Hence $\displaystyle {2012\choose k}=\dfrac{2012!}{k!(2012-k)!}$ is a multiple of $p$.

If $k$ is a multiple of $p$, there are only five cases to consider:

$k=0,\,p,\,2p,\,3p,\,4p$.

And we see that in all cases, the combination numbers

$\displaystyle {4p\choose 0}={4p\choose 4p}=1,\\{4p\choose p}={4p\choose 3p}=\dfrac{4(3p+1)(3p+2)\cdots(3p+(p-1))}{(p-1)!}\equiv 4 \pmod{p}$

and

$\displaystyle {4p\choose 2p}=\dfrac{6(2p+1)(2p+2)\cdots(2p+(p-1))[(2p+(p+1))(2p+(p+2))\cdots(2p+(2p-1))}{(p-1)![(p+1)(p+2)\cdots(2p-1)}\equiv 6 \pmod{p}$

are not multiple of $p$.

Now we denote the binary numeral of non-negative integer $n$ by

$\displaystyle n=(a_ra_{r-1}\cdots a_0)_2=\sum_{j=0}^r a_j2^j$ and $\displaystyle s(n)=\sum_{j=0}^r a_j$

where $a_j=0$ or 1 for $j=0,\,1,\,cdots,\,r$.

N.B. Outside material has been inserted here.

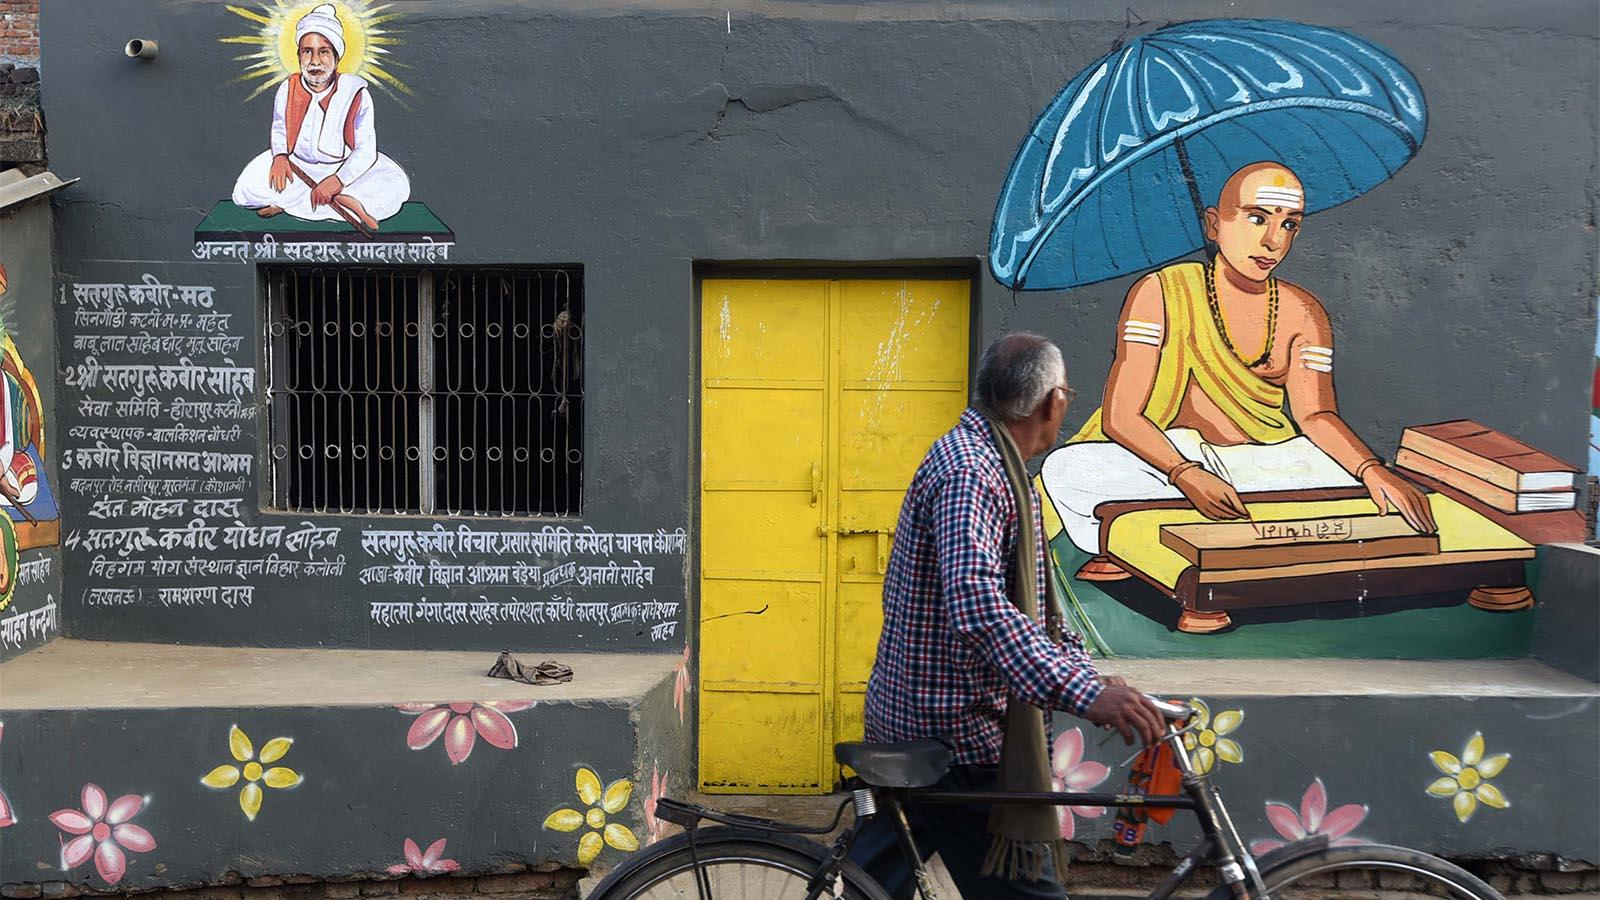 Art, life and spirituality converge at Kumbh

Then the power $m$ of factor $2^m$ in factorization of $n!$ can be expressed by

$\displaystyle \lfloor \dfrac{n}{2}\rfloor+\lfloor \dfrac{n}{4}\rfloor+\cdots +\lfloor \dfrac{n}{2^m}\rfloor+\cdots\\=(a_ra_{r-1}\cdots a_2a_1)_2+(a_ra_{r-1}\cdots a_3a_2)_2+\cdots+a_r\\=a_r\times (2^r-1)+a_{r-1}\times(2^{r-1}-1)+\cdots+a_1\times (2^1-1)+a_0\times (2^0-1)\\=n-s(n)$

If the combination number $\displaystyle {2012\choose k}=\dfrac{2012!}{k!(2012-k)!}=\dfrac{(k+m)!}{k!\times m!}$ is odd $(m=2012-k)$, then it means that the powers of 2 in factors of the numerator and the denominator of the fraction above are the same. Then

$k+m-s(k+m)=k-s(k)+m-s(m)$, or $s(k+m)=s(k)+s(m)$,

This means that the binary addition of $k+m=2012$ has no carrying.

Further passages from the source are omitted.